Unraveling the Structure-Valence-Property Relationships in AMM′Q₃ Chalcogenides with Promising Thermoelectric Performance

Properties of solids are strongly influenced by their crystal structures. Learning from the structure-property relationships of existing high-performance thermoelectrics (TEs), here we identify a family of quaternary chalcogenides AMM′Q₃ (A= alkali, alkaline earth, post-transition metals, M/M′ = transition metals, rare earth, actinide elements, Q = chalcogens), which are expected to exhibit promising TE performance. They possess A^m+ cations, which are weakly bonded to the lattice and are sandwiched between the strongly bonded [MM′Q₃]^m- layers. Using first-principles density functional theory (DFT) calculations and taking two representative compounds (TlCuZrSe₃ and BaCuYTe₃) from a large family of known semiconductors, we show how localized phonon modes arising from the rattling-like A^m+ cations induce low lattice thermal conductivity, whereas the delocalized charge density within the [MM′Q₃]^m- layers leads to an enhanced thermoelectric power factor.
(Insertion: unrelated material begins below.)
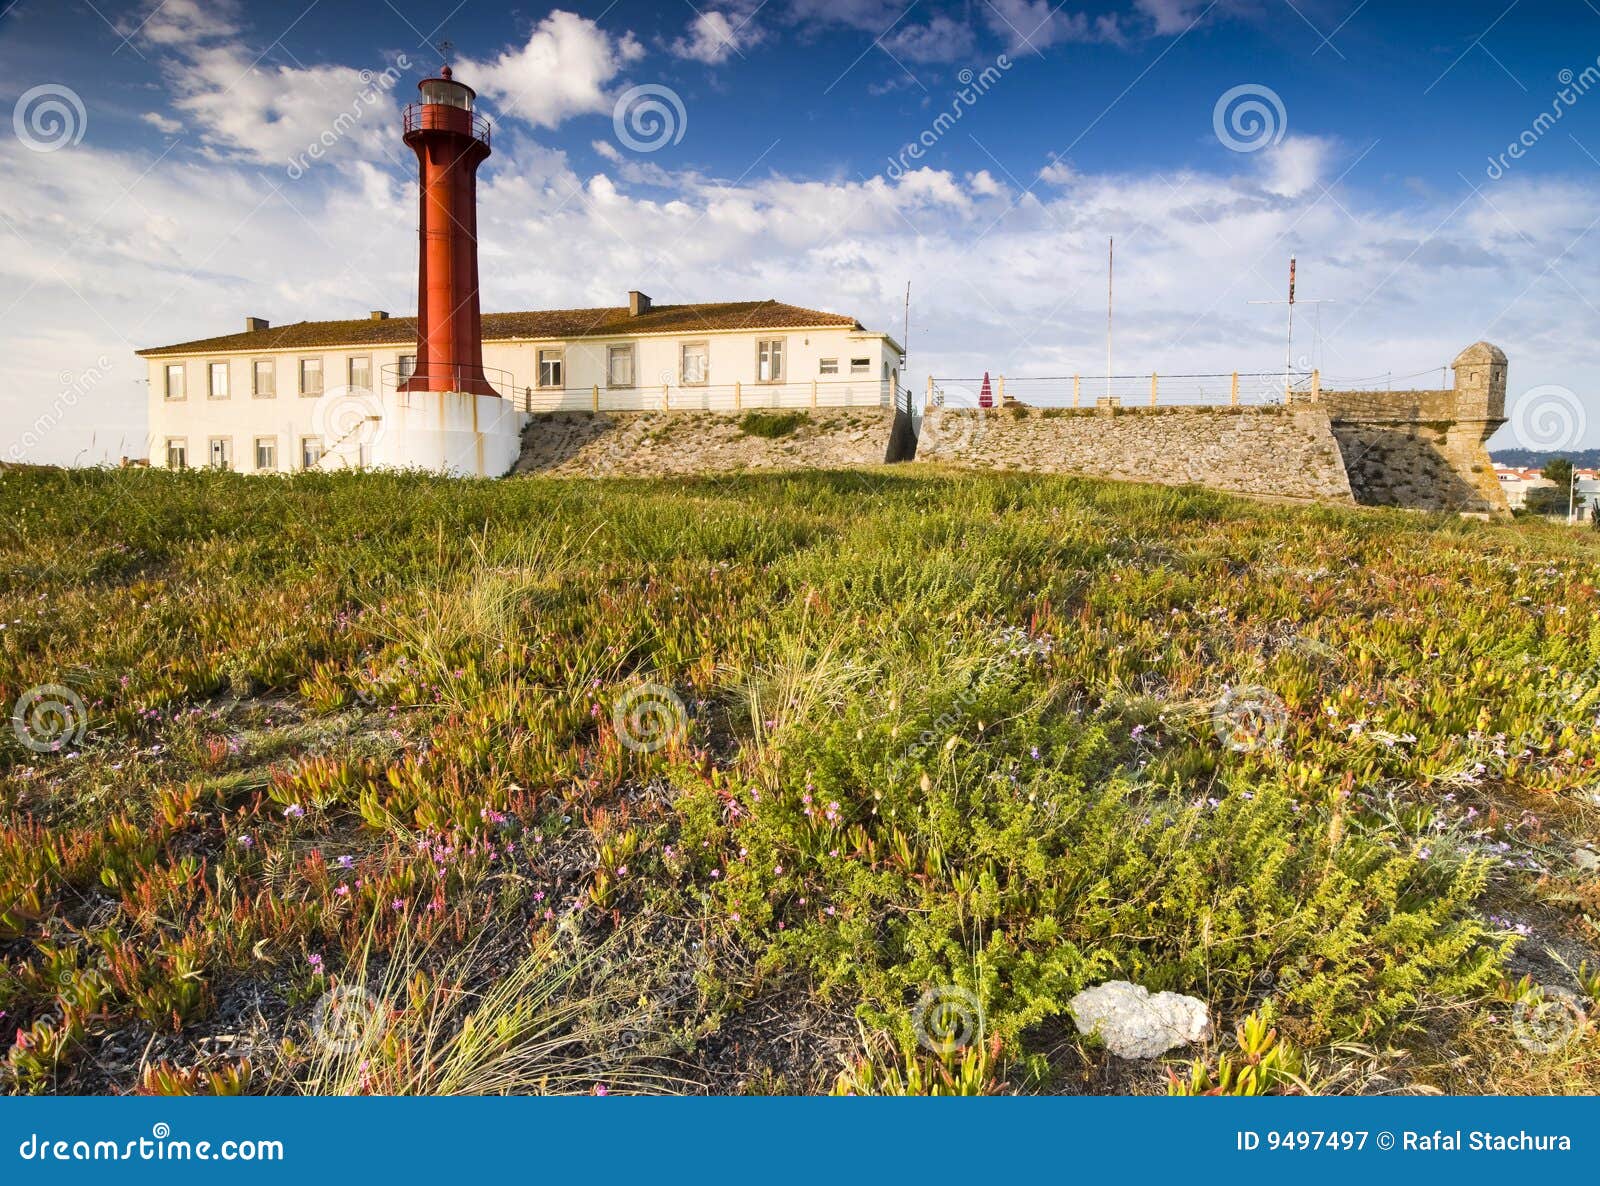 lighthouse in esposende, northern portugal

A combination of these two factors give rise to a promising thermoelectric figure of merit (zT), a metric that quantifies the energy conversion efficiency of TEs. In addition to the structural degree of freedom, our work also demonstrates how valence m associated with A^m+ and [MM′Q₃]^m- layers influences the lattice distortion, electronic structure, phonon dispersion, electrical, as well as the lattice thermal transport properties of these compounds. We hope this work will encourage experimental investigations of the structure-valence-property relationships in this largely unexplored class of quaternary semiconductors, which are predicted to be potential thermoelectrics.